Чем больше поездов курьерских,
Тем меньше девственных лесов.
Чем больше сабель офицерских,
Тем меньше борон и плугов.
Чем больше фабрик граммофонных,
Тем меньше трудных арф в домах.
Чем больше трубок телефонных,
Тем меньше тонов в голосах.
Чем больше объявлений брачных,
Тем меньше браков по любви.
Чем больше песенок кабачных,
Тем меньше трелят соловьи.
Чем больше танцев ресторанных,
Тем меньше ценящих балет.
Чем больше войн и боли в ранах,
Тем меньше, меньше в жизни лет!..

Игорь Северянин

Шатенка в розовом

Аллеей лиственниц иду вдоль озера.
Вода прозрачная у самых ног.
Навстречу девушка мелькает розово,
Чтобы мыслить горестно поэт не мог…
Аллея темная и тьмой тяжелая,
И тьма безрадостна, и тьма пуста.
А та сверкальная! А та веселая!
И упоенная такая та!
Неторопливые подходят окуни
И неподвижные в воде стоят,
Как будто думают о русом локоне,
О платье розовом мечту таят…

Игорь Северянин

Поэза твоих контрастов

Ты так ясна и, вместе с тем, туманна.
Ты так верна и, вместе с тем, обманна.
И нет к тебе дорог.
Уста чисты, — слов грешных ими хочешь.
Рыдая, ты отчаянно хохочешь.
Развратный облик строг.
Тебя не взять, пока ты не отдашься.
Тебя не брать — безбрачью ты предашься.
Как поступить с тобой?
Ты так горда и так несамолюбна.
Ты — без следа, но в мире златотрубна,
К тебе влекусь с мольбой.

Игорь Северянин

Баллада XV (Блюдите фронт, но вместе с тем)
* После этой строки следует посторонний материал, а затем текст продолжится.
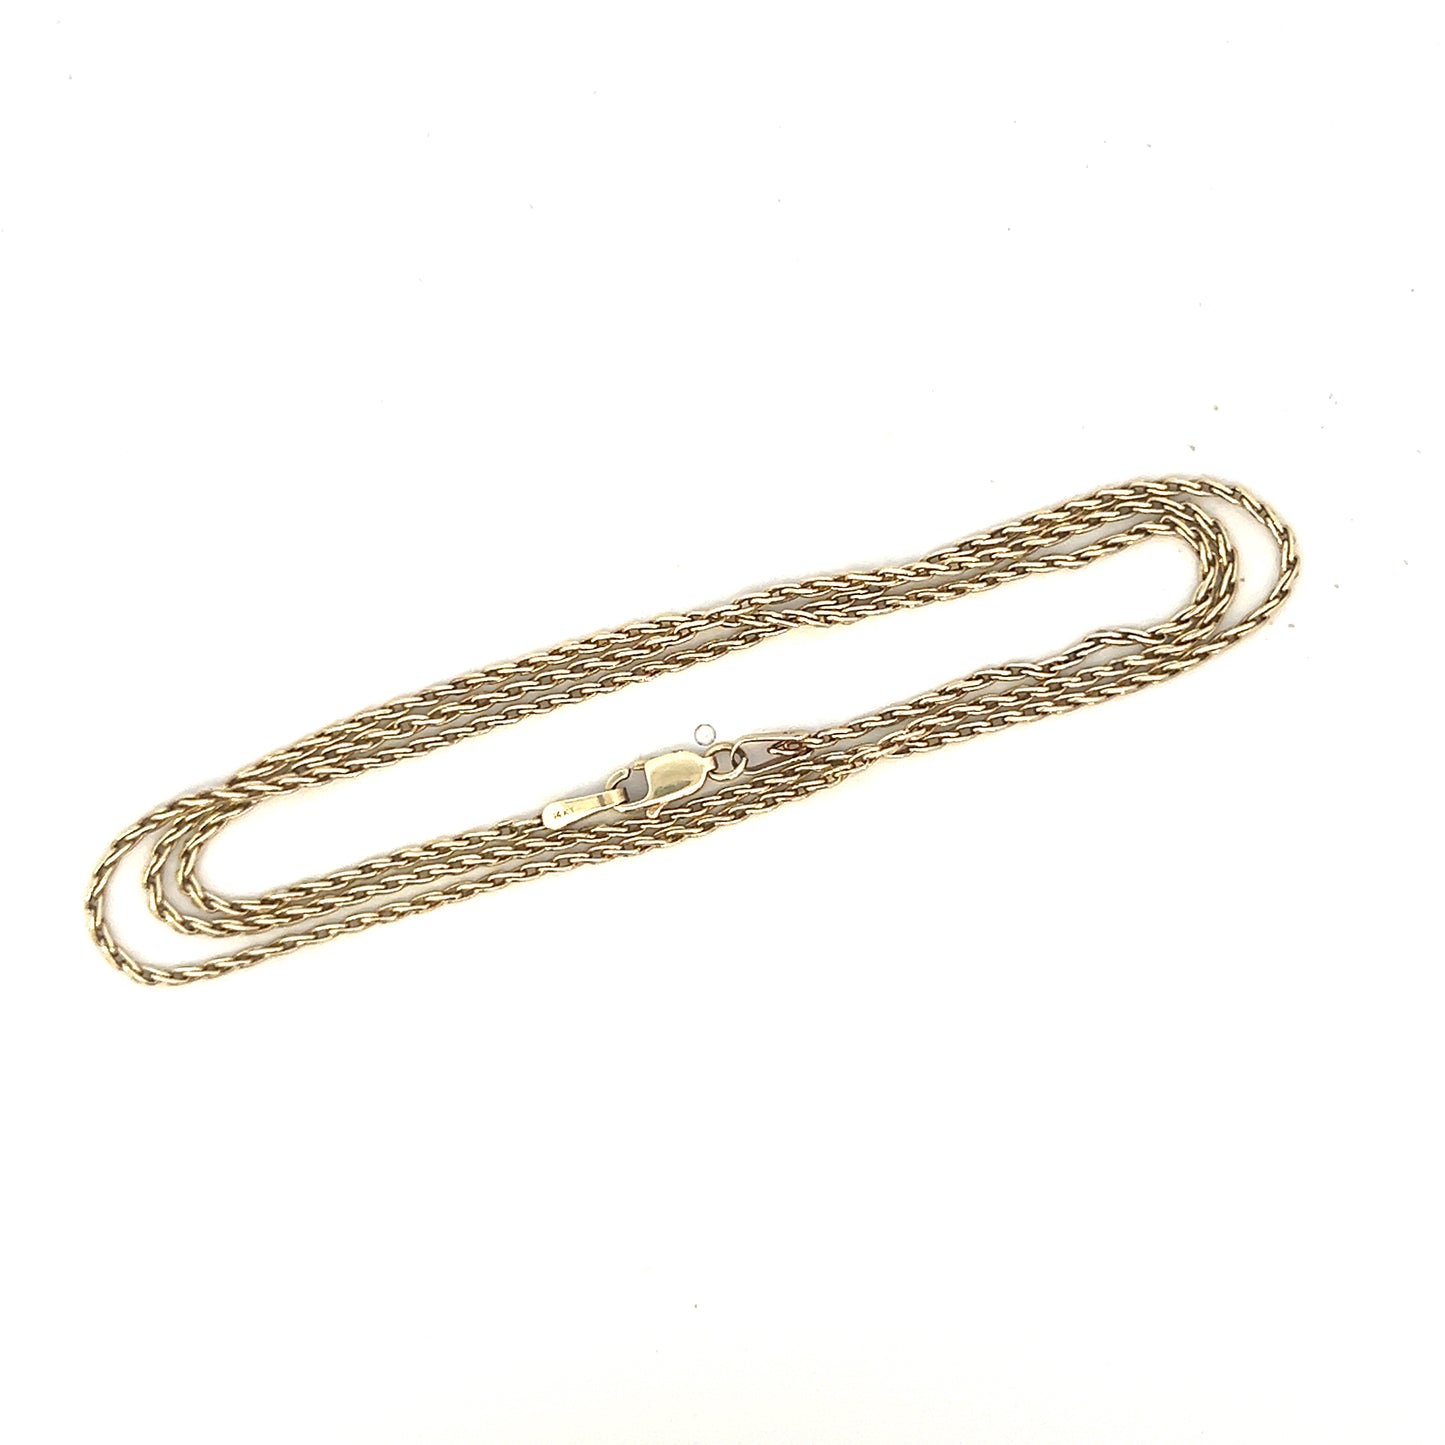 20" Rectangle Link Rope Chain - 14k - Yellow Gold - 4.73g

Блюдите фронт, но вместе с тем
Немедленно в переговоры
Вступите с немцами, затем
Надеждой озарите взоры.
Ни вам — немецкие позоры,
Ни немцам — русские, — нужны
Тем и другим полей просторы
И ласка любящей жены!
Зачем же ужас вам? Зачем
Боль ран, и смерть, и все раздоры?
Чем оправдаете вы, чем
Пролитье крови? Мертвых хоры
Вас не тревожат? Их дозоры
В час полуночной тишины
Не вызывают вас на споры
О слезах любящей жены?
Нет во вселенной лучше тем,
Чем тема: лес, поля и горы.
Кто с этим несогласен — нем.
Кроту милее солнца — норы.
А как пленительны озера,
Бубенчик-ландыш, плеск луны,
Улыбка в небесах Авроры
И взоры любящей жены.
Иль мы поэты, фантазеры,
И вам в окопах не слышны
Ни наши нежные укоры,
Ни голос любящей жены?..

Игорь Северянин

Сонет студёный

Мы с ней идем над морем вдоль откоса:
Лазурен штиль в лучистом серебре,
И вкус прессованного абрикоса
Таит шиповник прелый на горе.
Студеный день склоняется к заре.
Четвертый солнца час прищурен косо.
Щетиною засохшего покоса
Мы с ней идем над морем в октябре.
Мучительно представить город нам, —
Ведь он нанес удар тем самым снам,
Которыми у моря мы томимы.
Но не могли забыть его совсем:
Еще вчера мы были в нем, — меж тем,
Как с нашим морем часто разлучимы.

Игорь Северянин

Звон лилий

Я грусть свою перегрущу —
Я утро в комнату впущу,
И, белой лилией дыша,
Оно, волнуясь и спеша,
Заполнить комнату мою
Всем тем — всем тем, что я люблю:
Прозолоченной белизной
И гор окружных крутизной,
Лазурью неба и волны.
И станут дни мои полны
Стихами, нежностью, и вновь
Неистребимая любовь
К Несуществующей впорхнет,
Как утро — в комнату, в мой гнет,
В нужду мою, в тоску, в мой стон.
О, лилий ароматный звон!
О, Адриатика моя
Я — снова я! Я — снова я!

Игорь Северянин

В блесткой тьме

В смокингах, в шик опроборенные, великосветские олухи
В княжьей гостиной наструнились, лица свои оглупив;
Я улыбнулся натянуто, вспомнив сарказмно о порохе.
Скуку взорвал неожиданно нео-поэзный мотив.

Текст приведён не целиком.